=== Exercise description ===
Please reproduce all of the data below exactly, leaving each picture out.

╭─ Source material

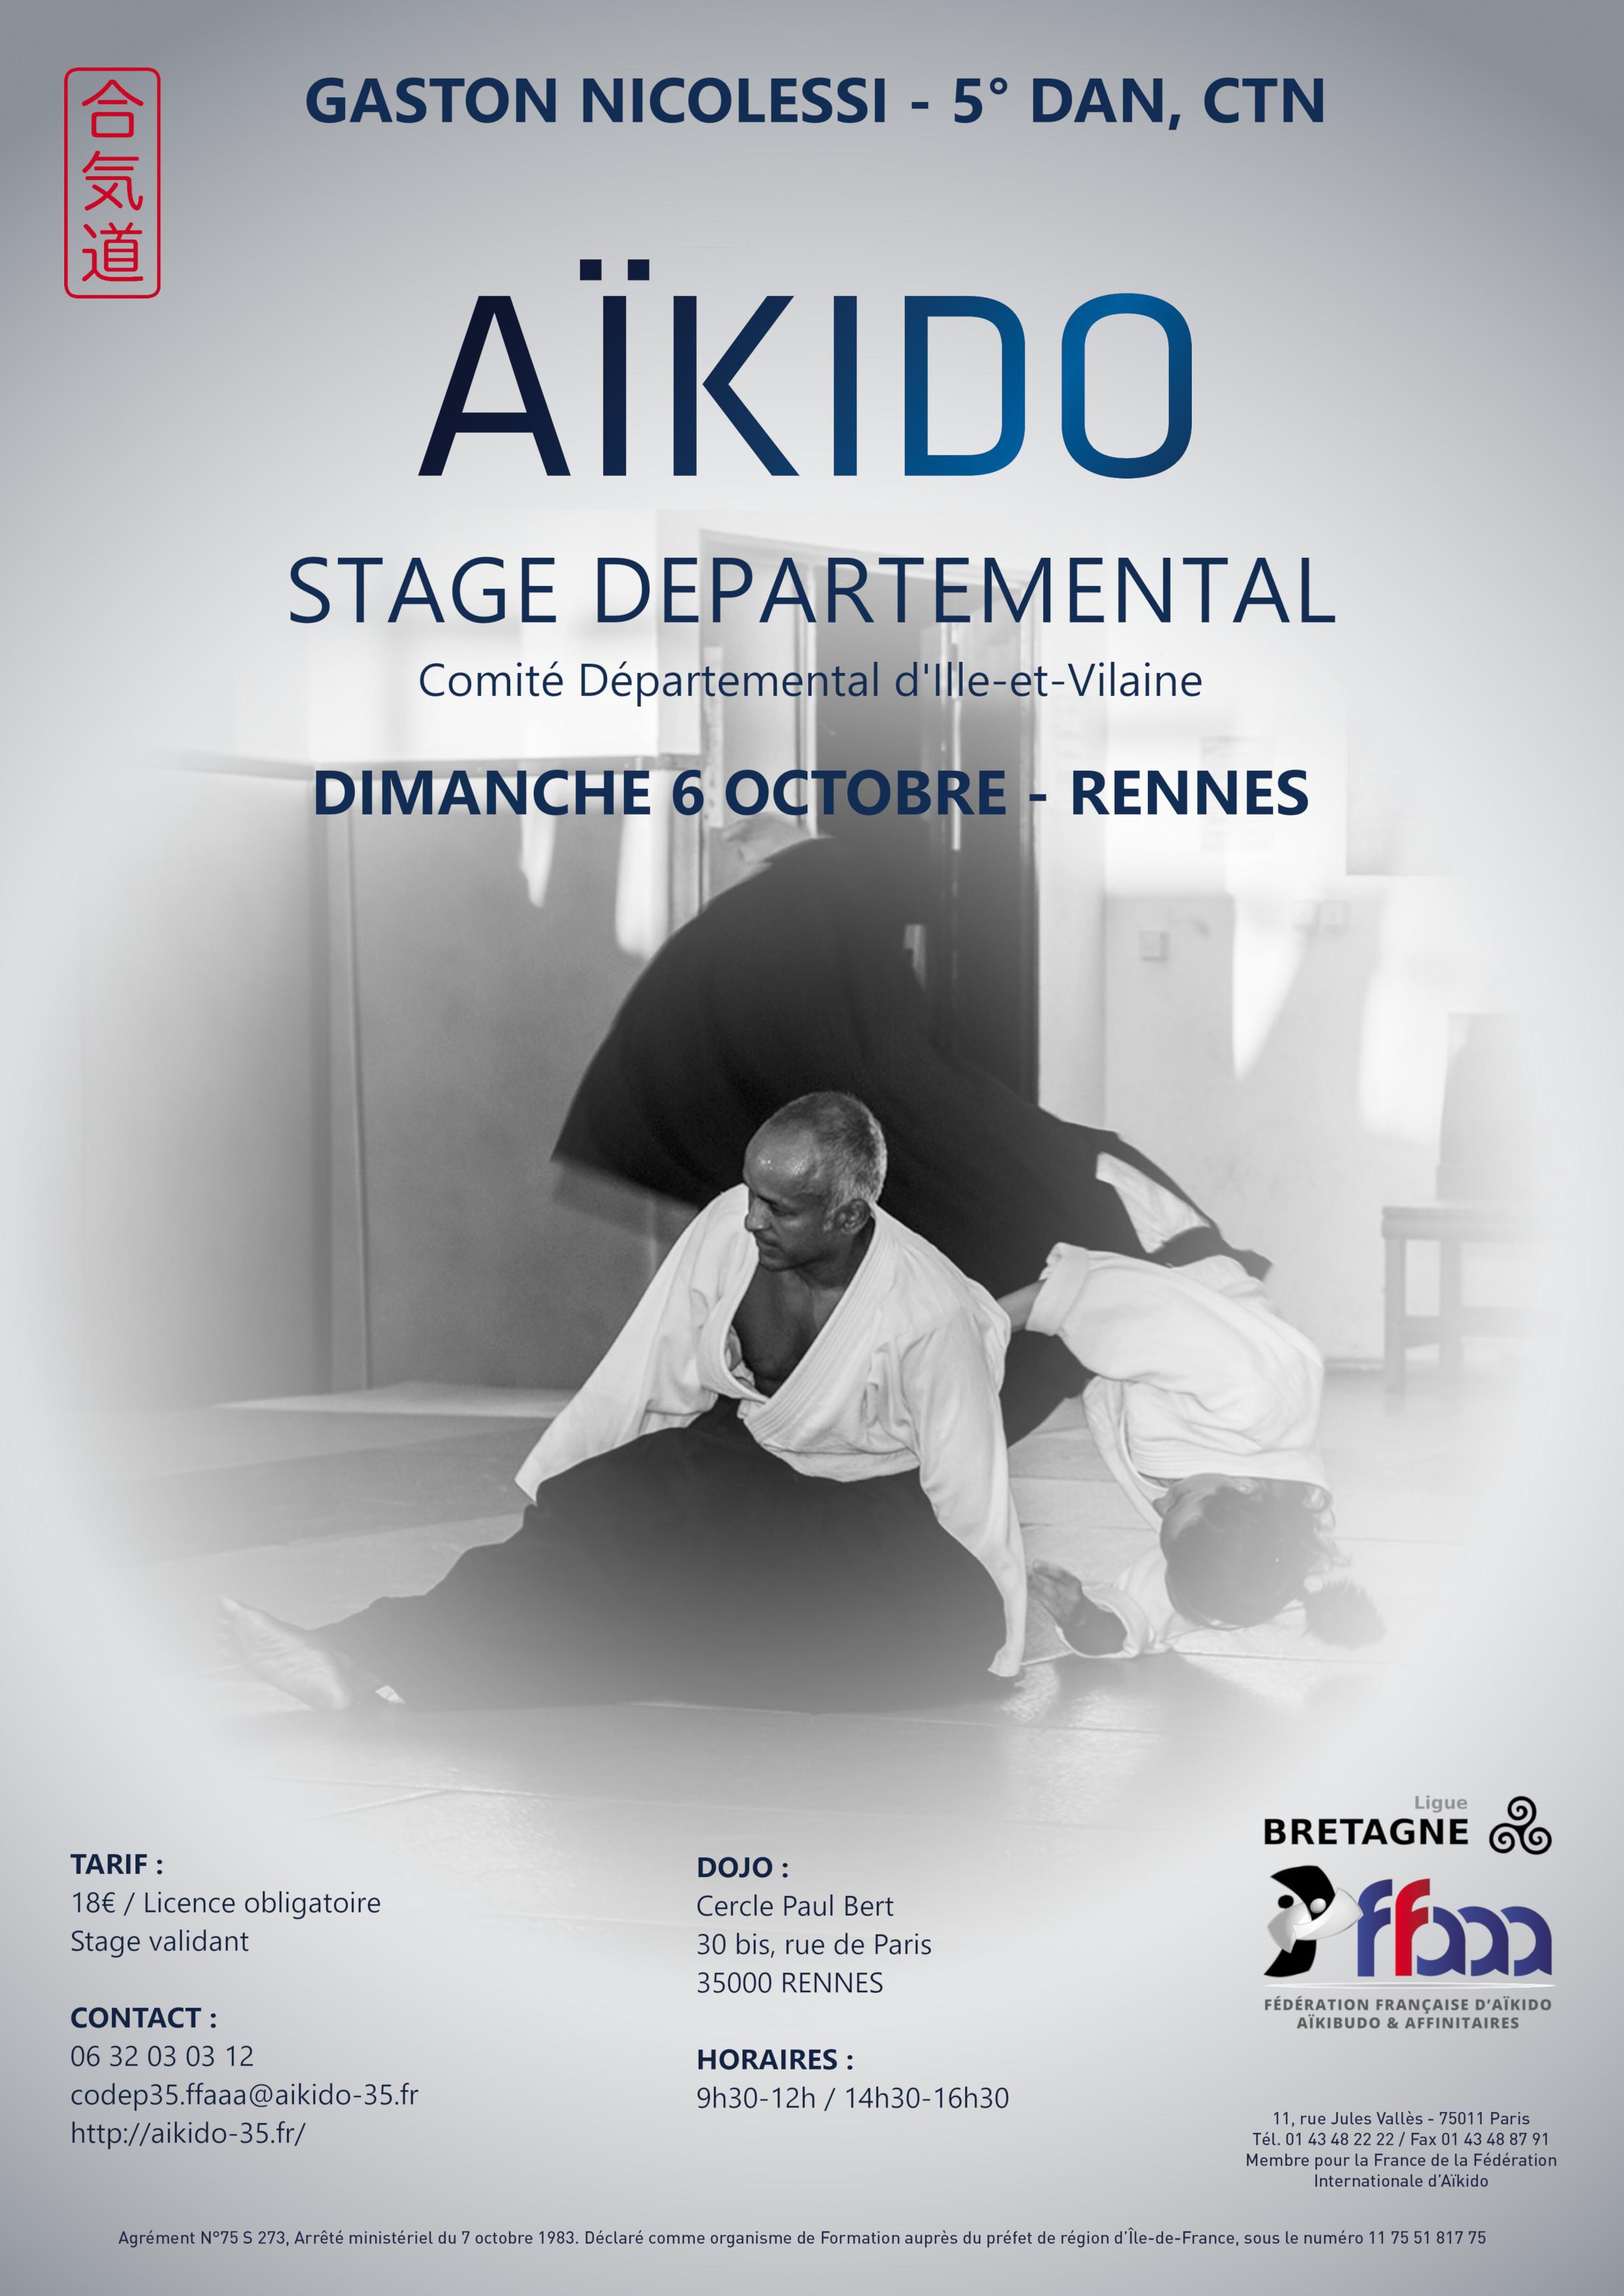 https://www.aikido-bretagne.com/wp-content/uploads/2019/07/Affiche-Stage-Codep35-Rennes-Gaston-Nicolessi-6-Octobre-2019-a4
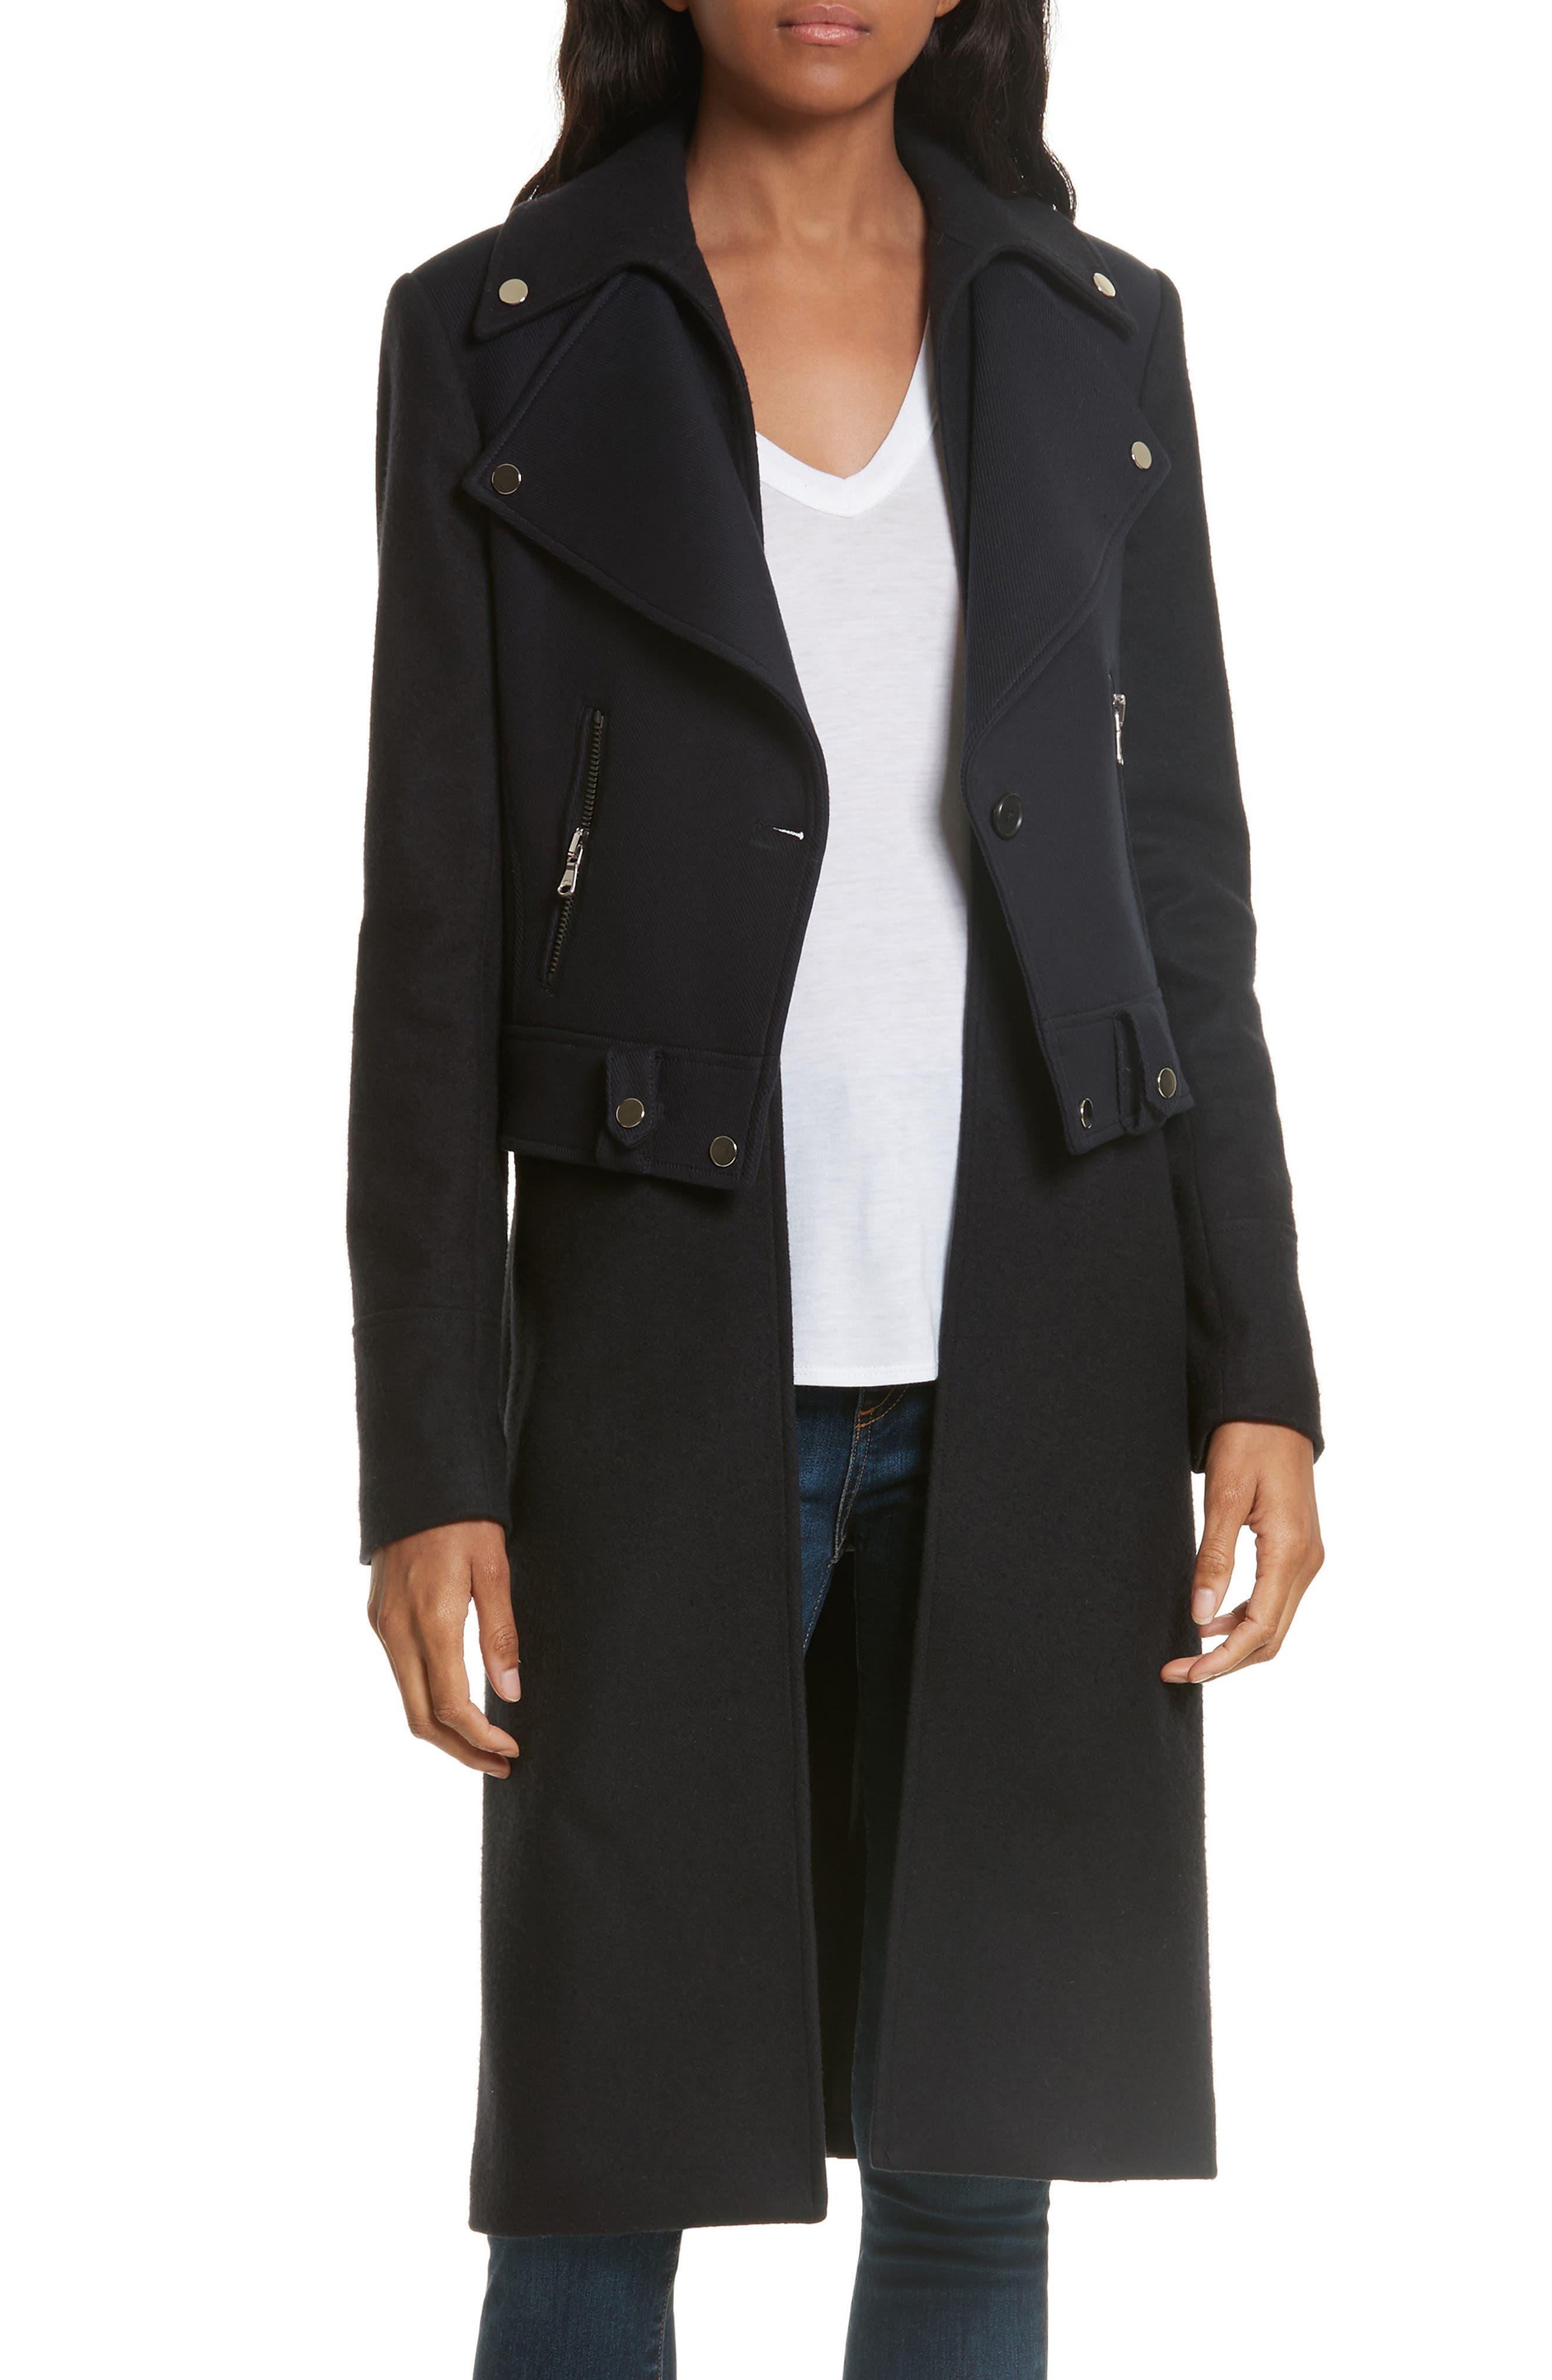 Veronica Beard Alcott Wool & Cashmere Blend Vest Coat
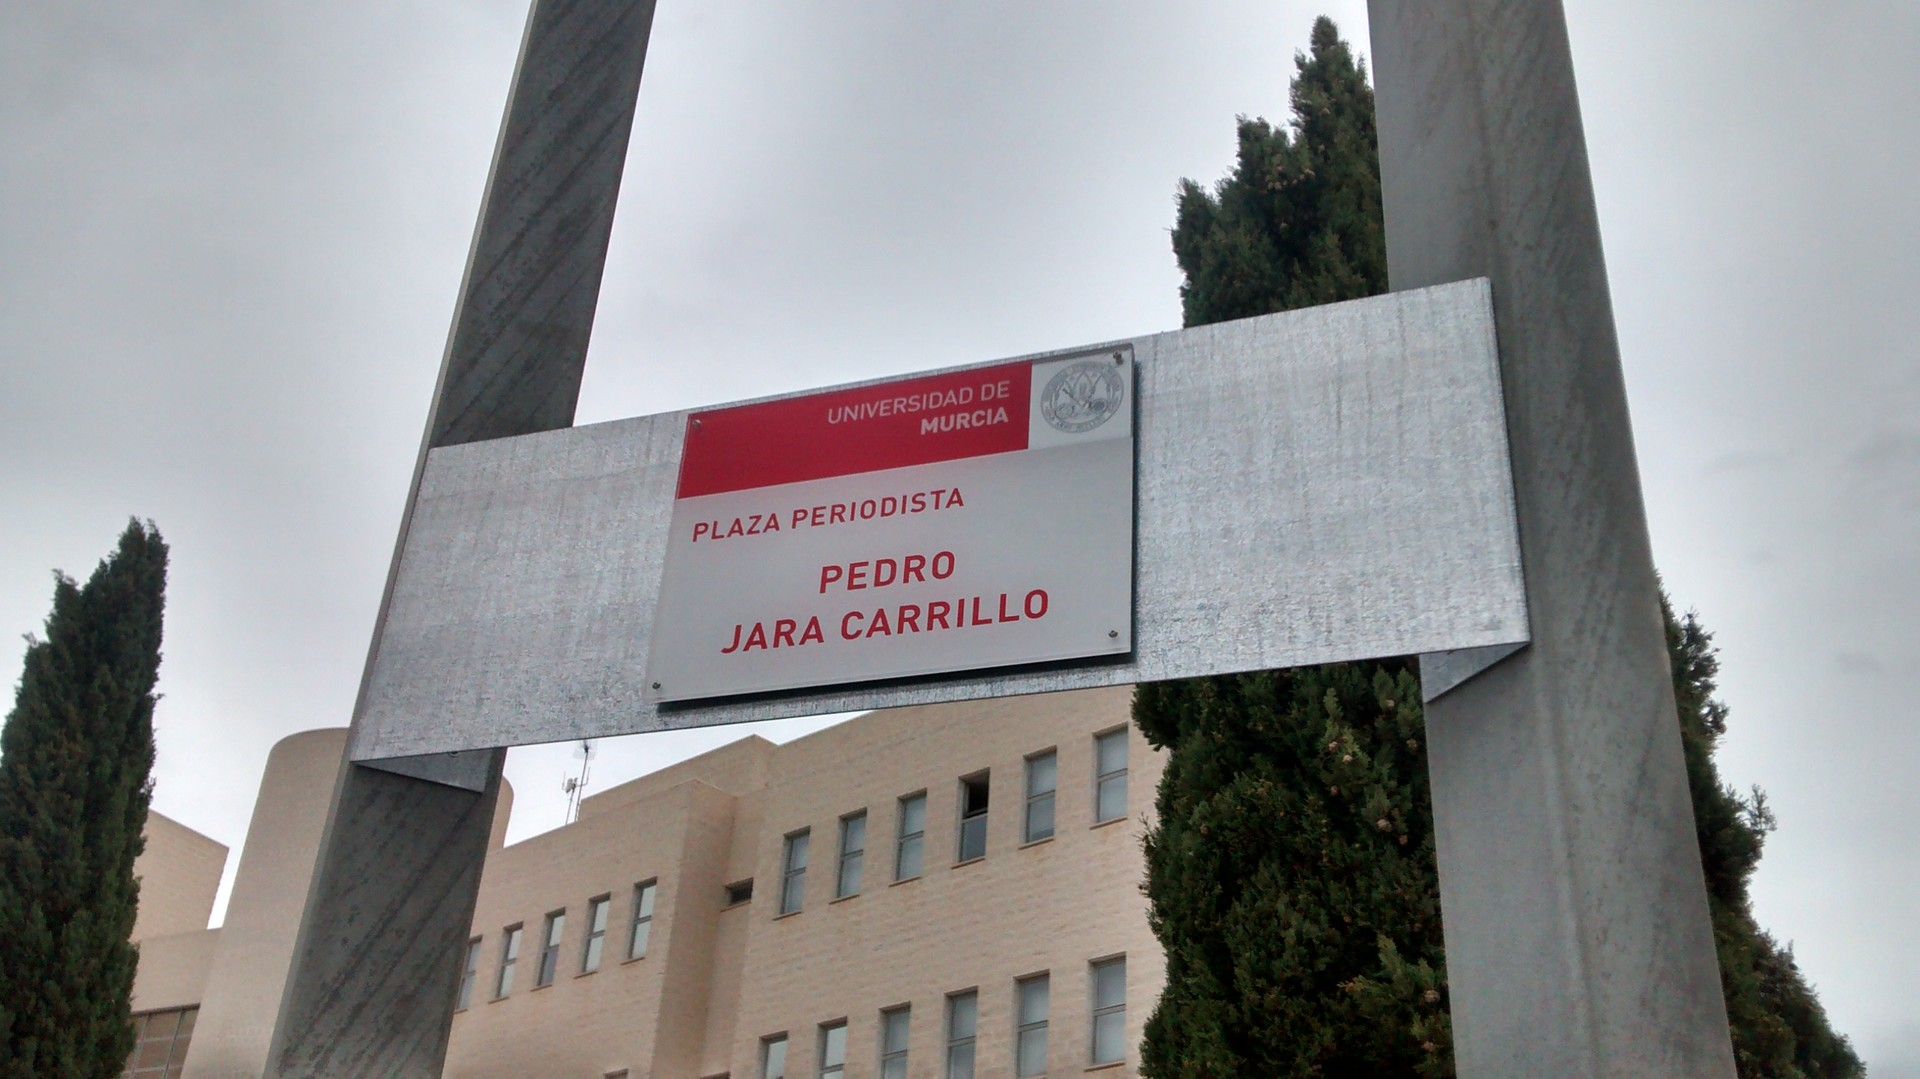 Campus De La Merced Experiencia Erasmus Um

╰─

=== Written answer ===
 https://www.aikido-bretagne.com/wp-content/uploads/2019/07/Affiche-Stage-Codep35-Rennes-Gaston-Nicolessi-6-Octobre-2019-a4
 Veronica Beard Alcott Wool & Cashmere Blend Vest Coat
 Campus De La Merced Experiencia Erasmus Um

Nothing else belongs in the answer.